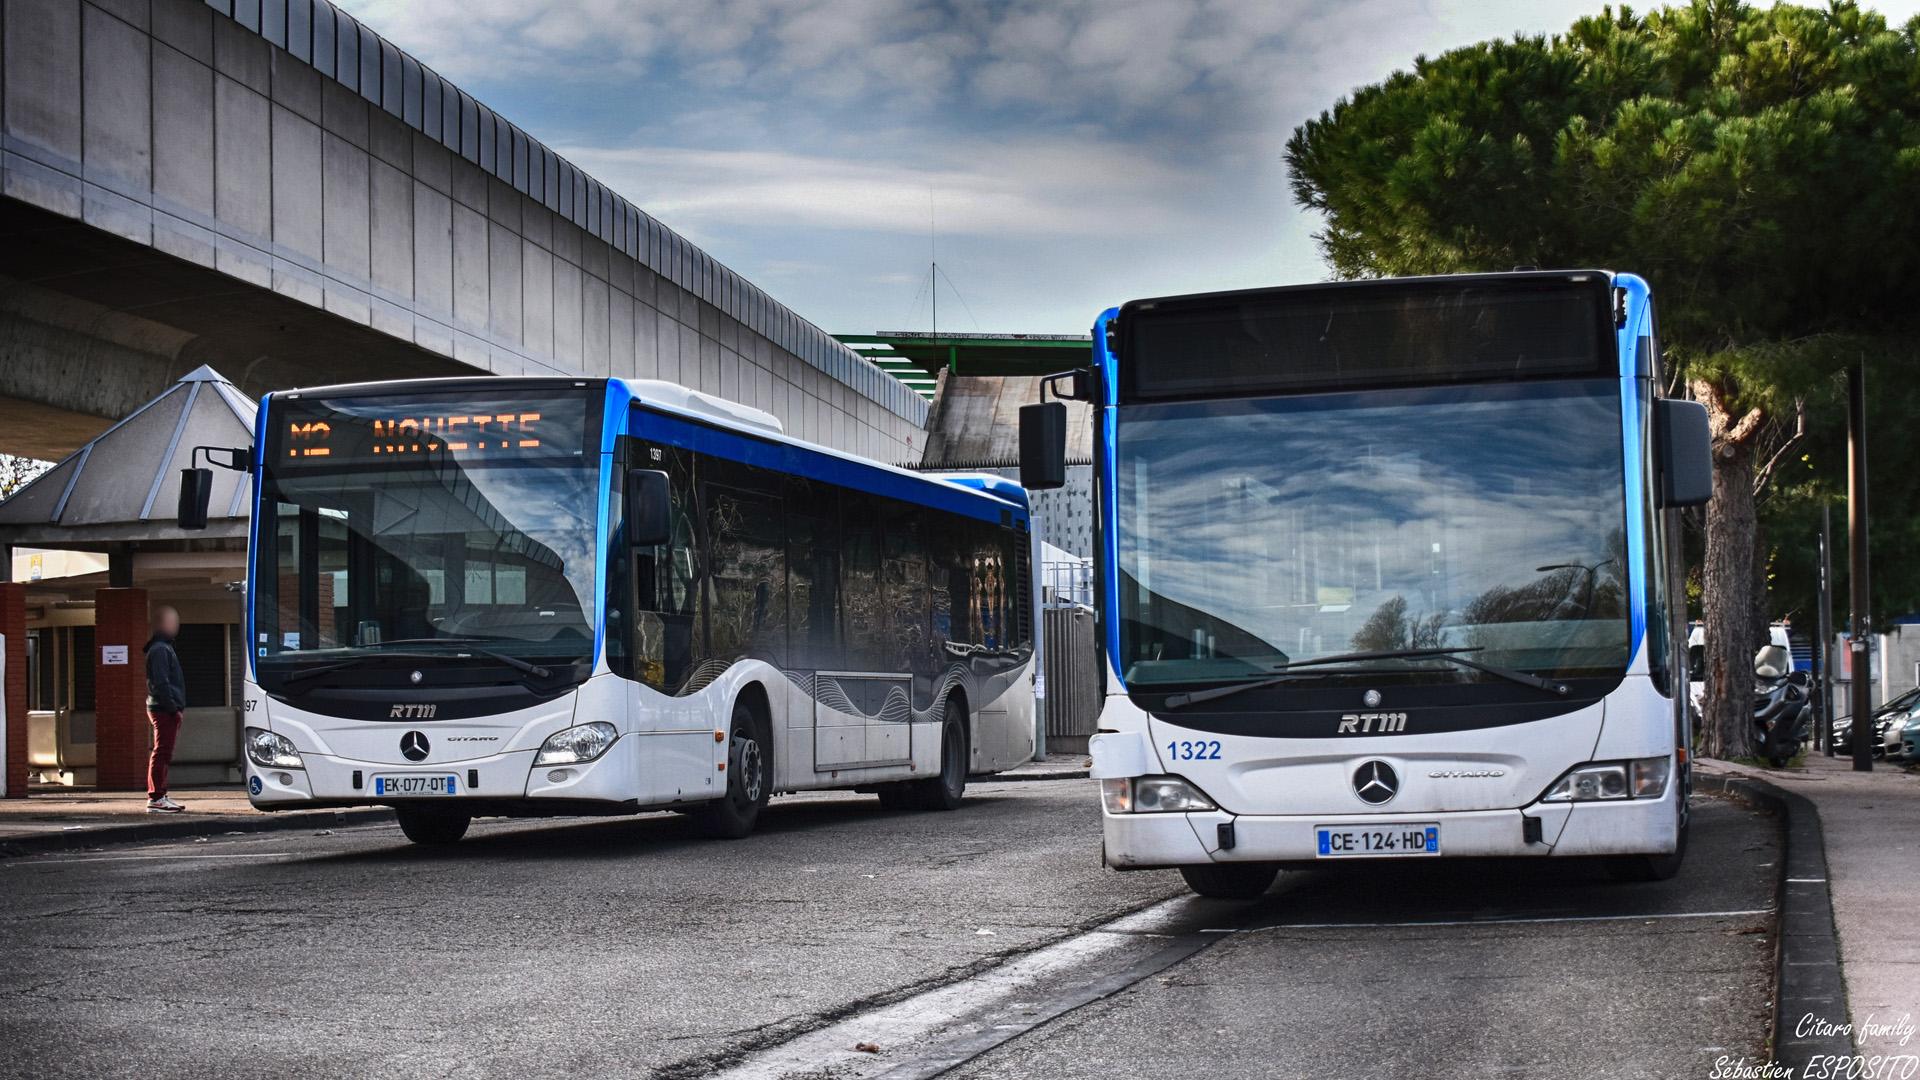 Quand le métro joue les fauteurs de troubles, c'est les Citaro qui prennent le relais, à la station Sainte Marguerite Dromel, les Citaro se doublent et se croisent pour assuré la ligne de secours M2, le tout, dans une gare d'échange étonnement calme. . ℹ️ Mercedes Benz Citaro 2 Euro 6 RTM n°1397 et Citaro facelift RTM n°1322. . 📍 Métro Sainte Marguerite Dromel, Boulevard Schloesing, 9eme arrondissement de Marseille. . ↔️ M2 Navette : Sainte Marguerite Dromel - Castellane. . 📸 Nikon D5600. . 📷 Nikkor 18-55mm. . 📅 22 Décembre 2018 à 11:33. . 👨 Sébastien ESPOSITO.
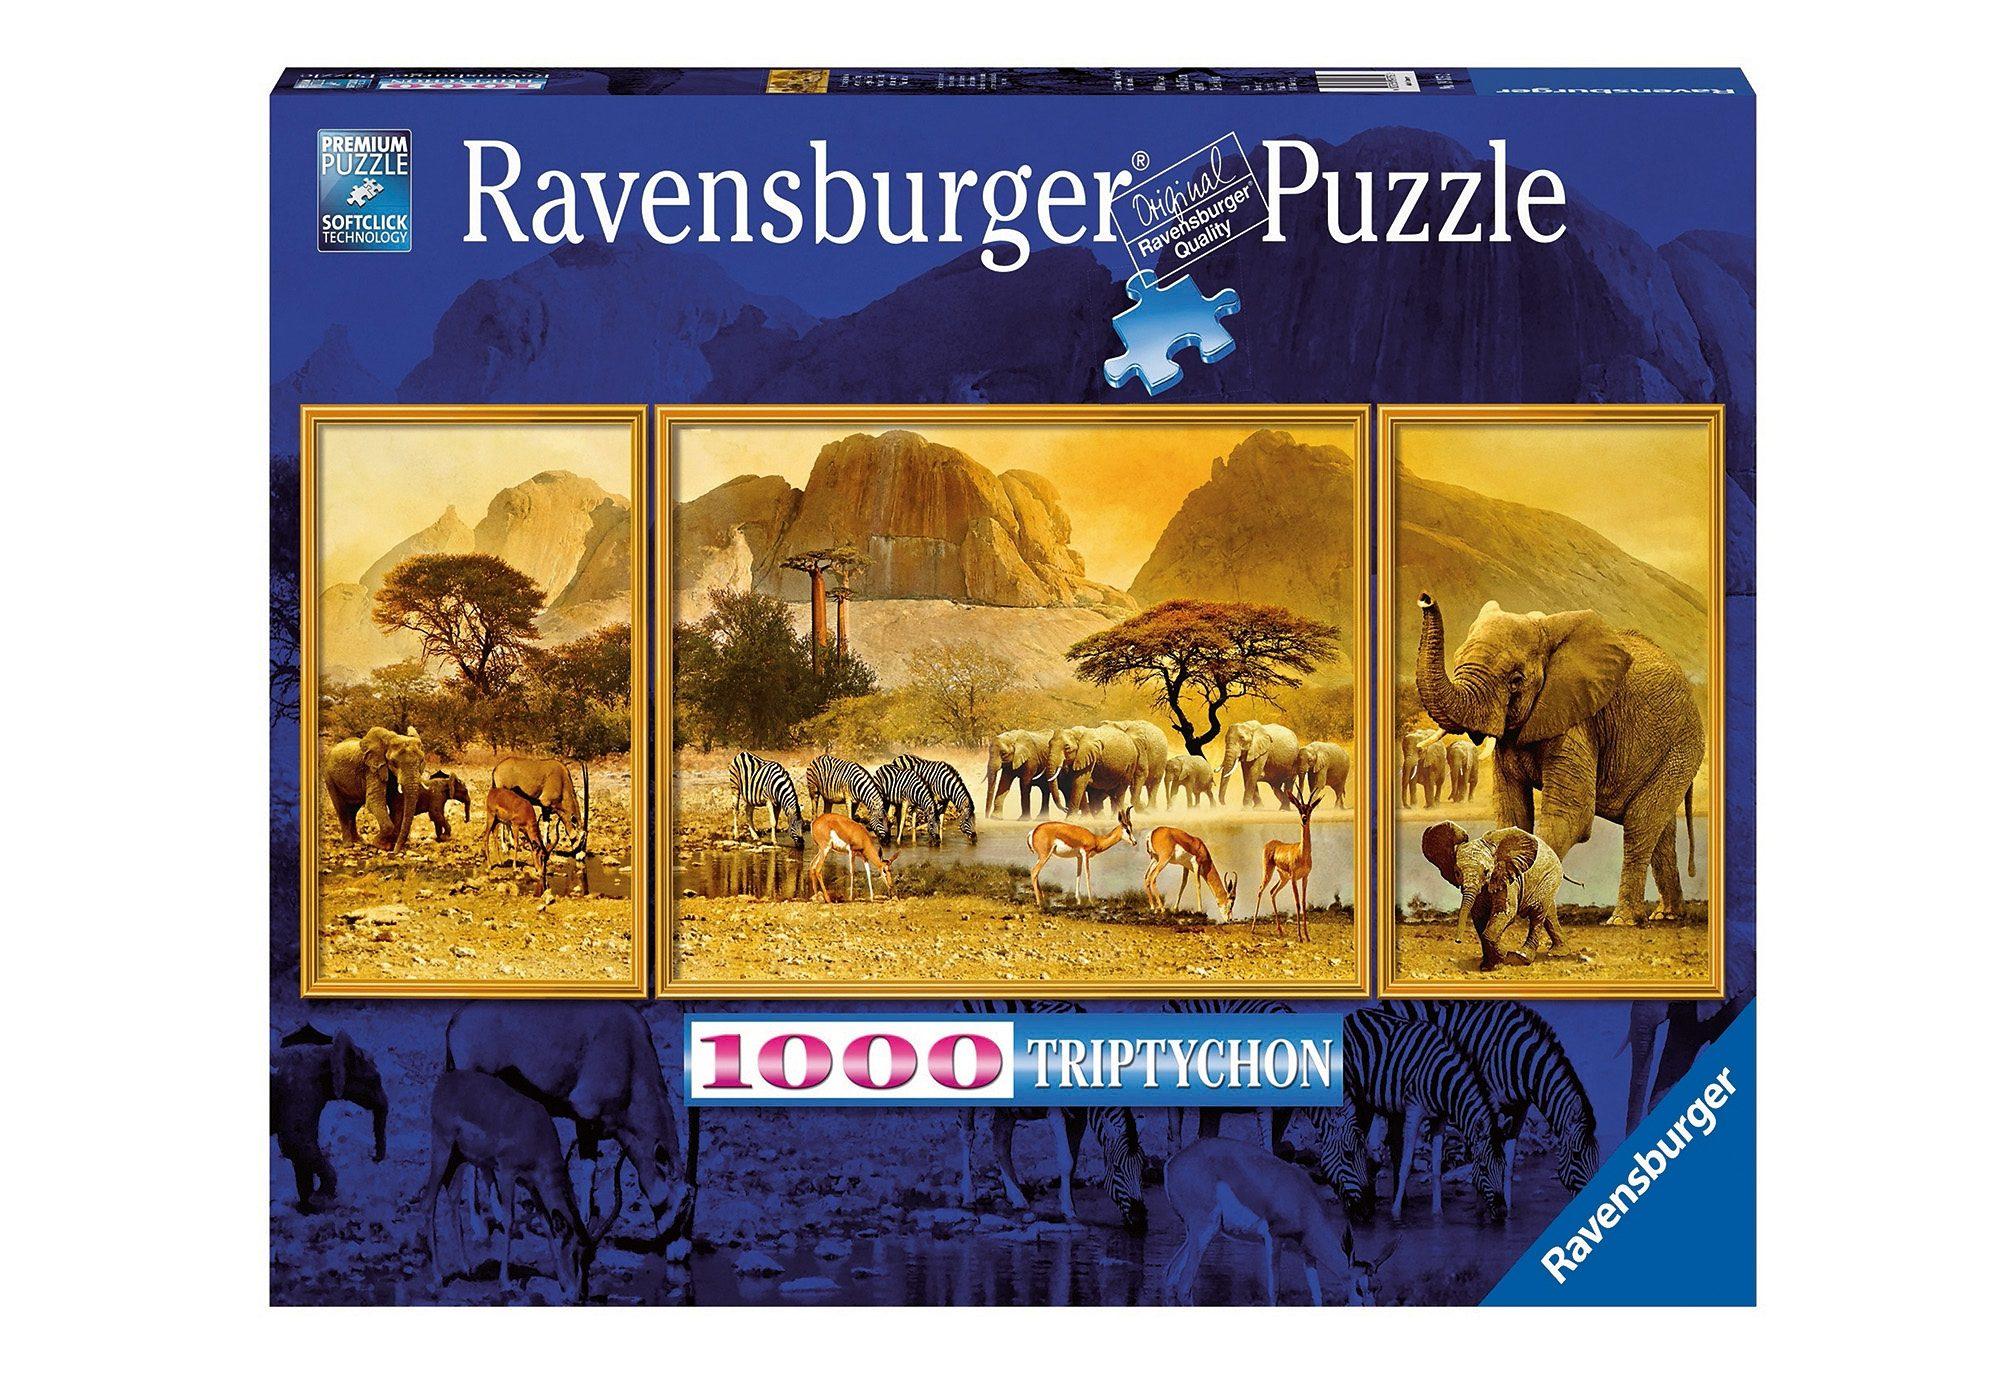 Ravensburger Puzzle 1000 Teile, »Triptychon Afrika«
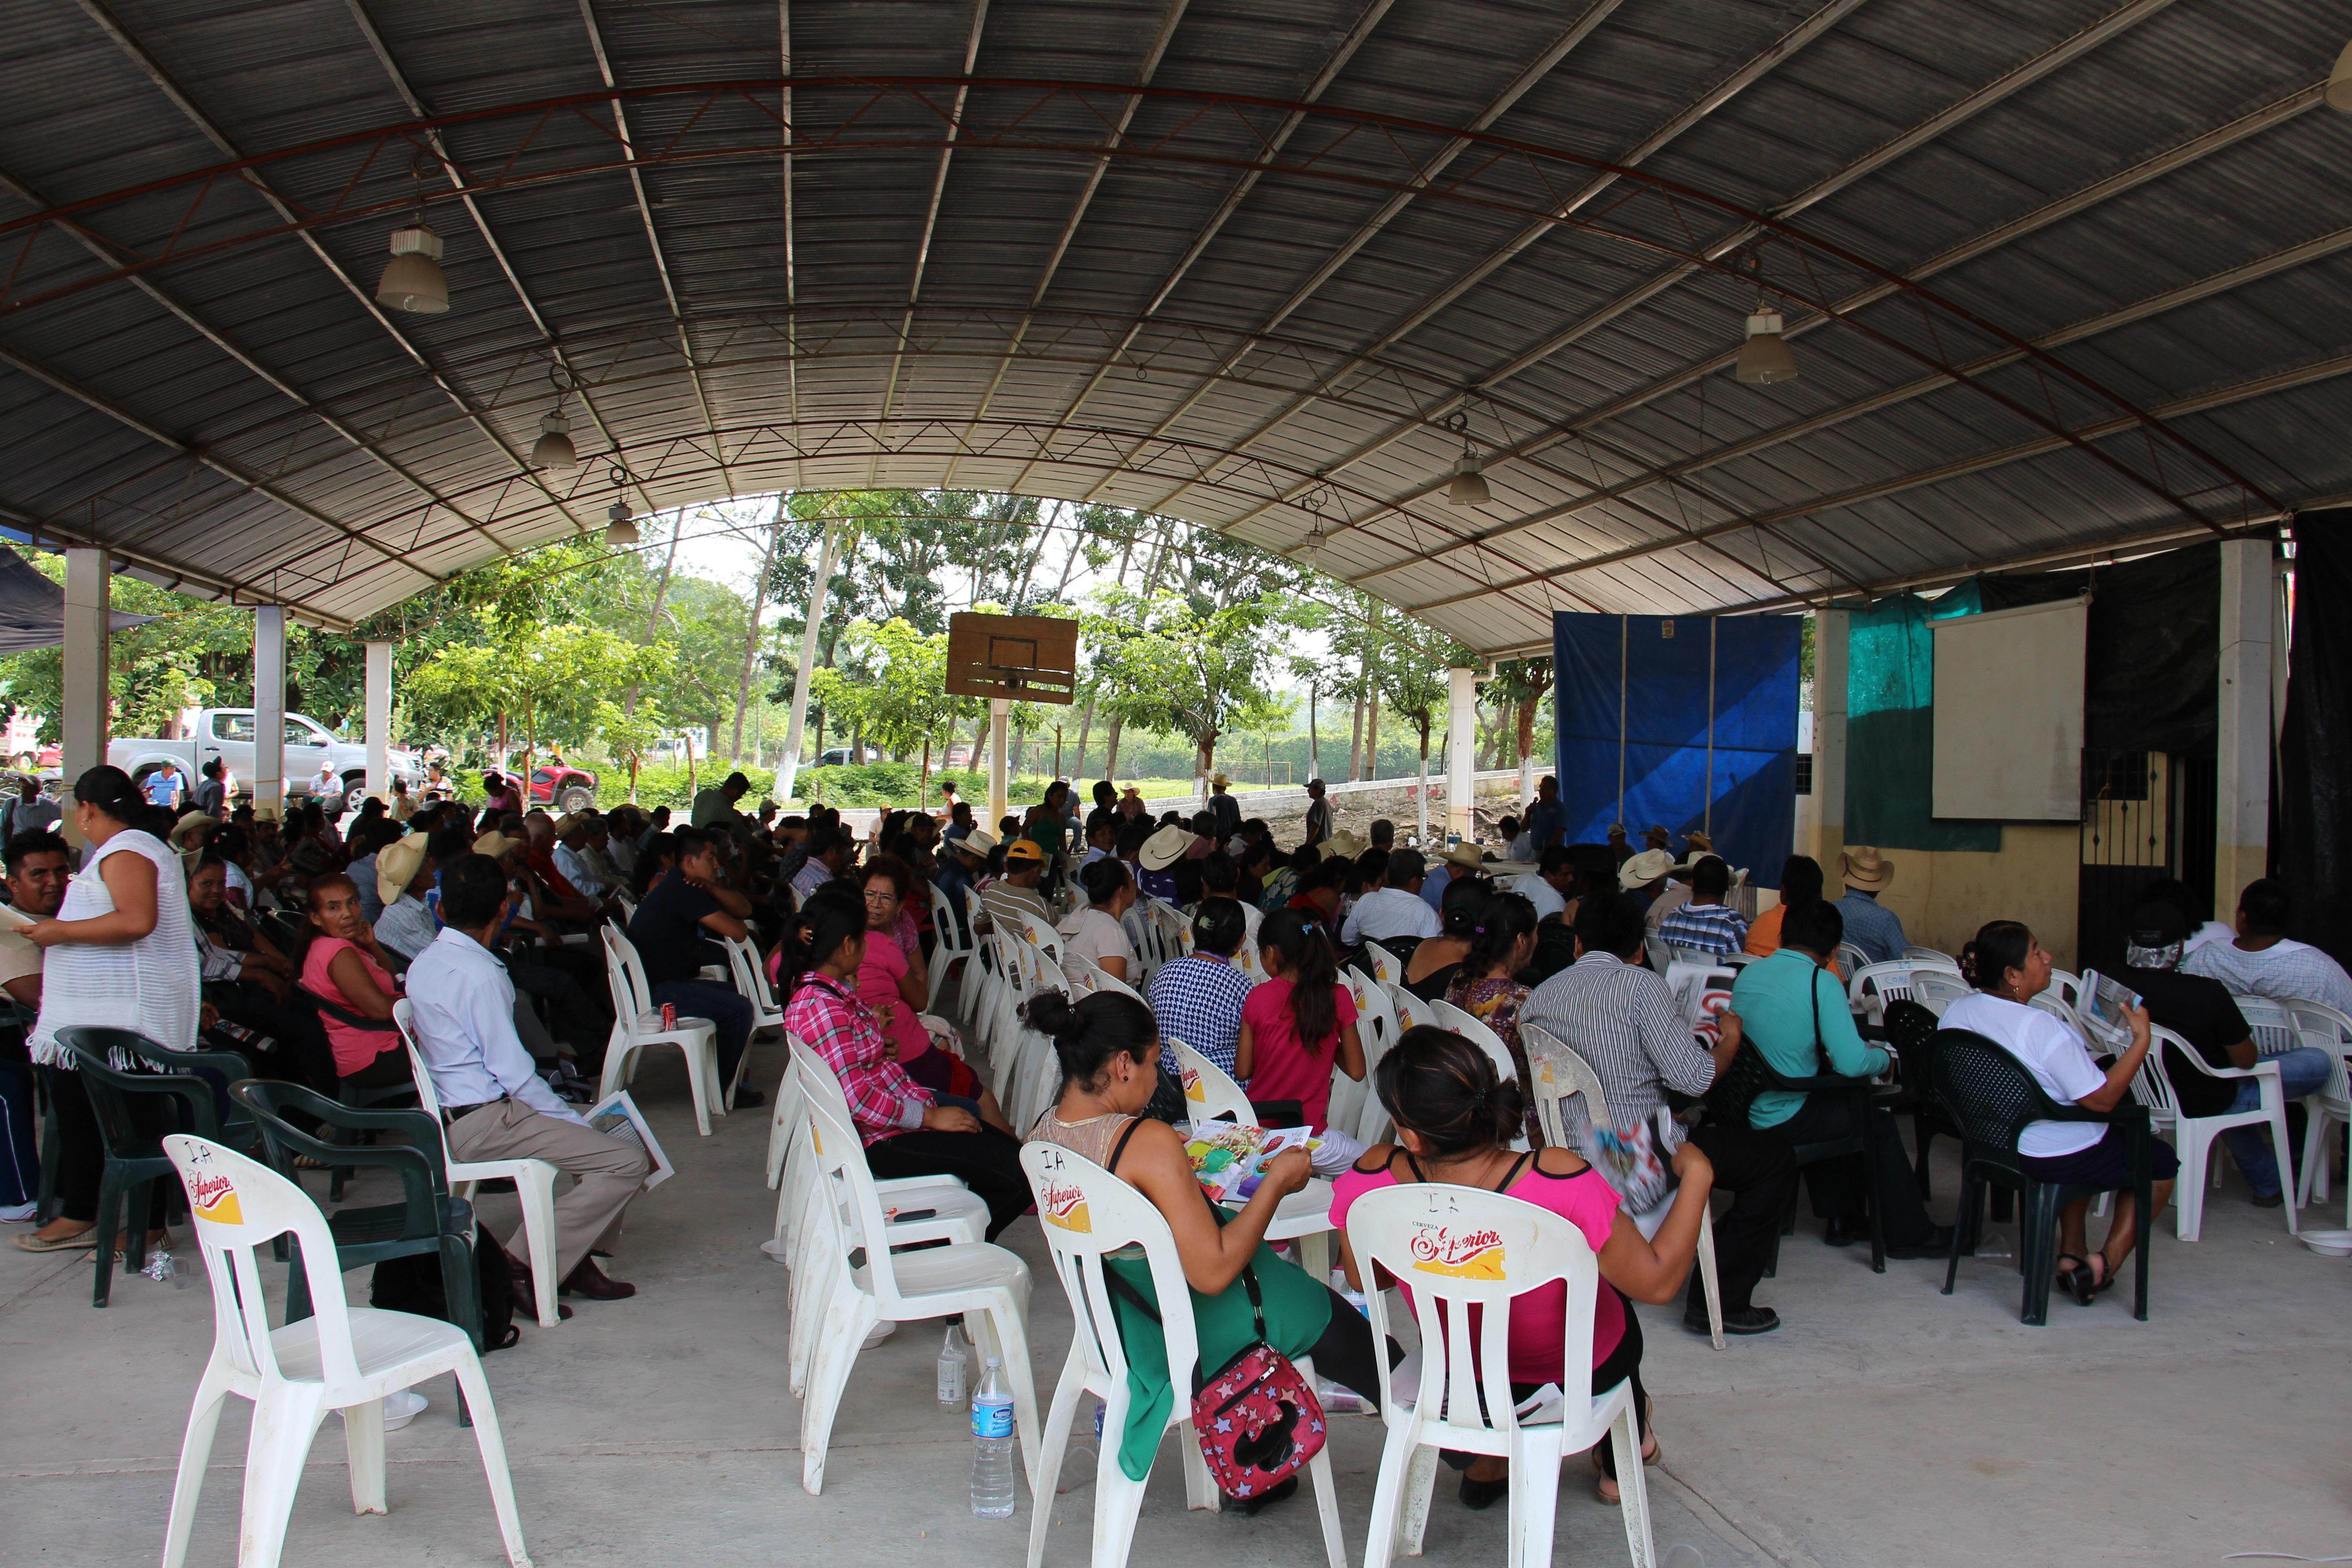 241015lavn2a AsambleaRafaelRosasPapantla1

DIRECTIONS:
Could you give all of the data again exactly as written, omitting any pictures?

ANSWER SPACE:
 Quand le métro joue les fauteurs de troubles, c'est les Citaro qui prennent le relais, à la station Sainte Marguerite Dromel, les Citaro se doublent et se croisent pour assuré la ligne de secours M2, le tout, dans une gare d'échange étonnement calme. . ℹ️ Mercedes Benz Citaro 2 Euro 6 RTM n°1397 et Citaro facelift RTM n°1322. . 📍 Métro Sainte Marguerite Dromel, Boulevard Schloesing, 9eme arrondissement de Marseille. . ↔️ M2 Navette : Sainte Marguerite Dromel - Castellane. . 📸 Nikon D5600. . 📷 Nikkor 18-55mm. . 📅 22 Décembre 2018 à 11:33. . 👨 Sébastien ESPOSITO.
 Ravensburger Puzzle 1000 Teile, »Triptychon Afrika«
 241015lavn2a AsambleaRafaelRosasPapantla1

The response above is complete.